Supplied data:
========

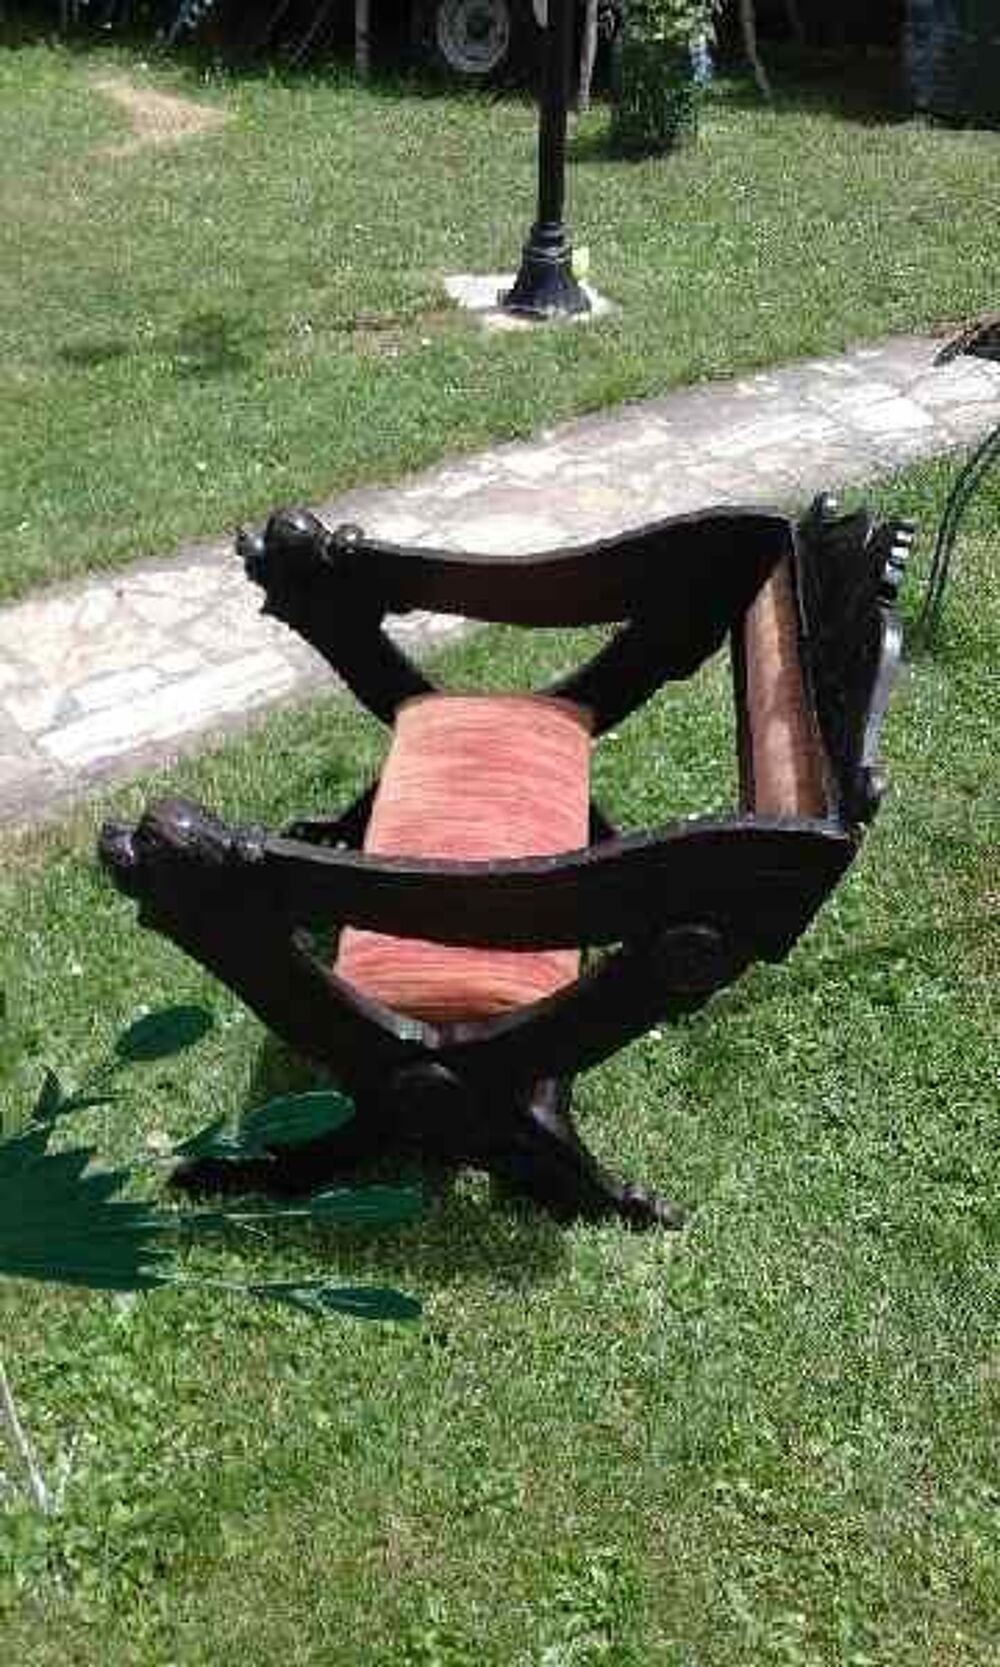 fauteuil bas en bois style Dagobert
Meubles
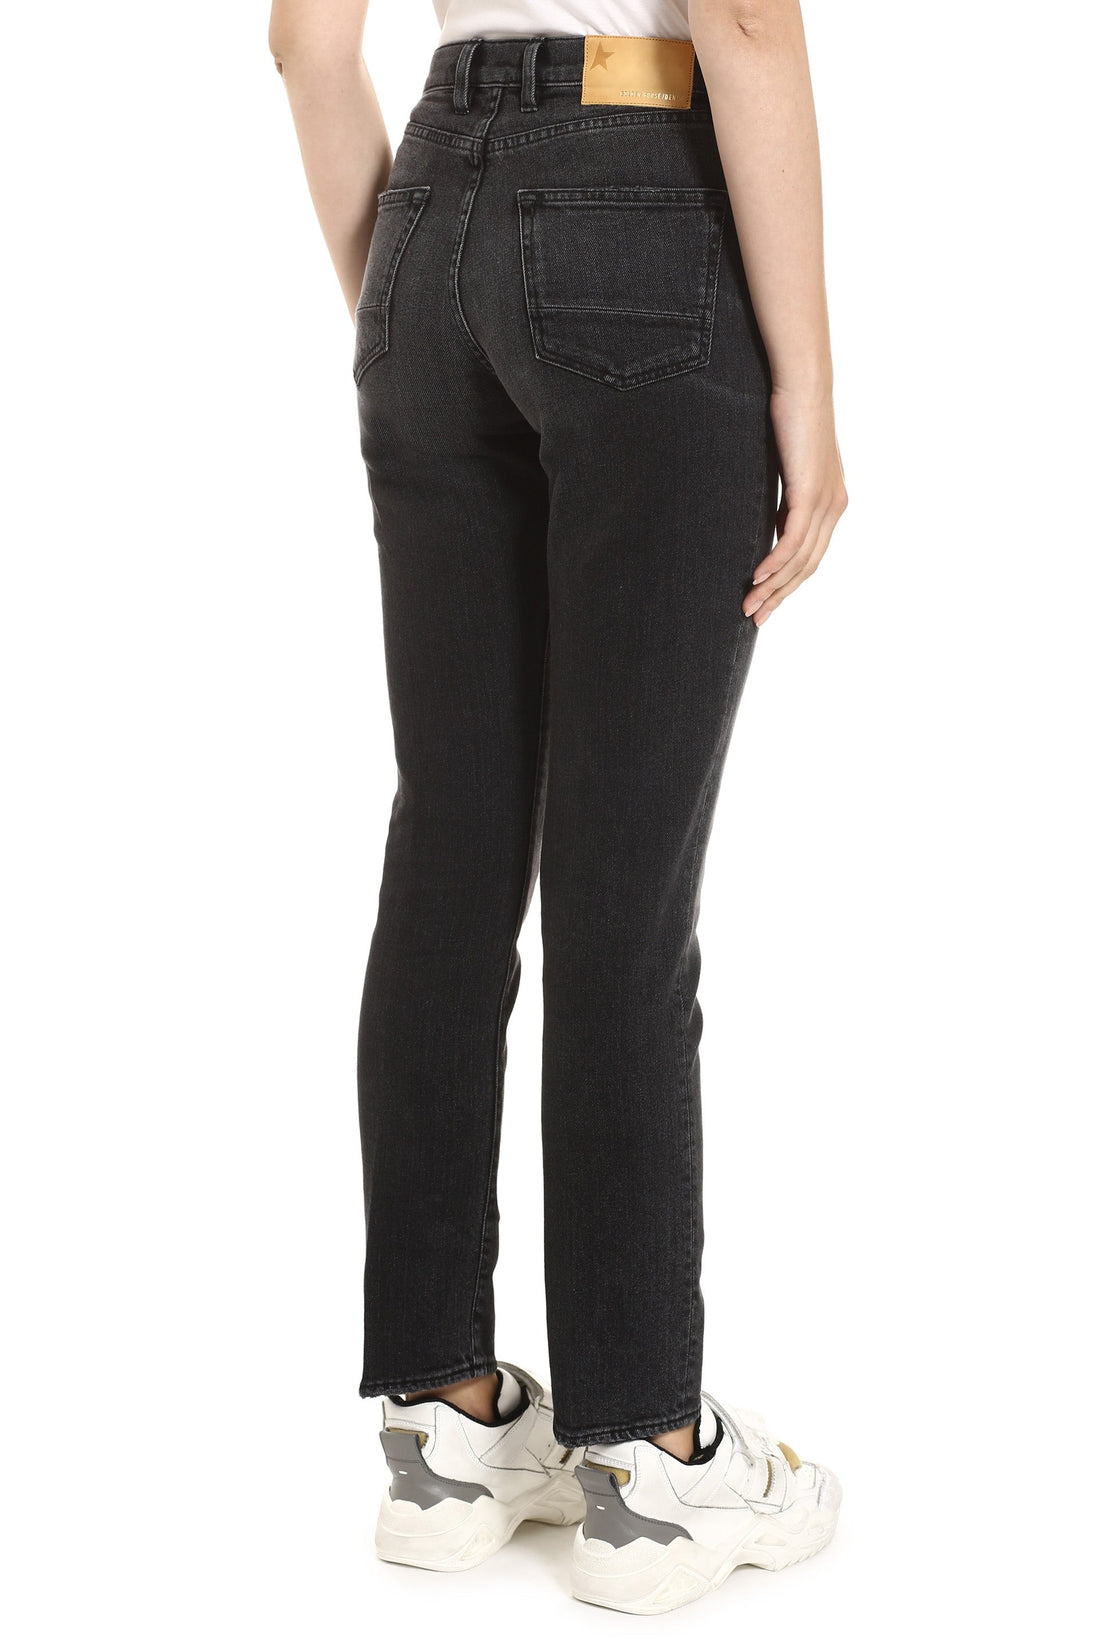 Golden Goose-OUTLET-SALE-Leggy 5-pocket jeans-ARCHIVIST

========

Exercise aim: Word for word, return the material, omitting the pictures.

Written response:
 fauteuil bas en bois style Dagobert
Meubles
 Golden Goose-OUTLET-SALE-Leggy 5-pocket jeans-ARCHIVIST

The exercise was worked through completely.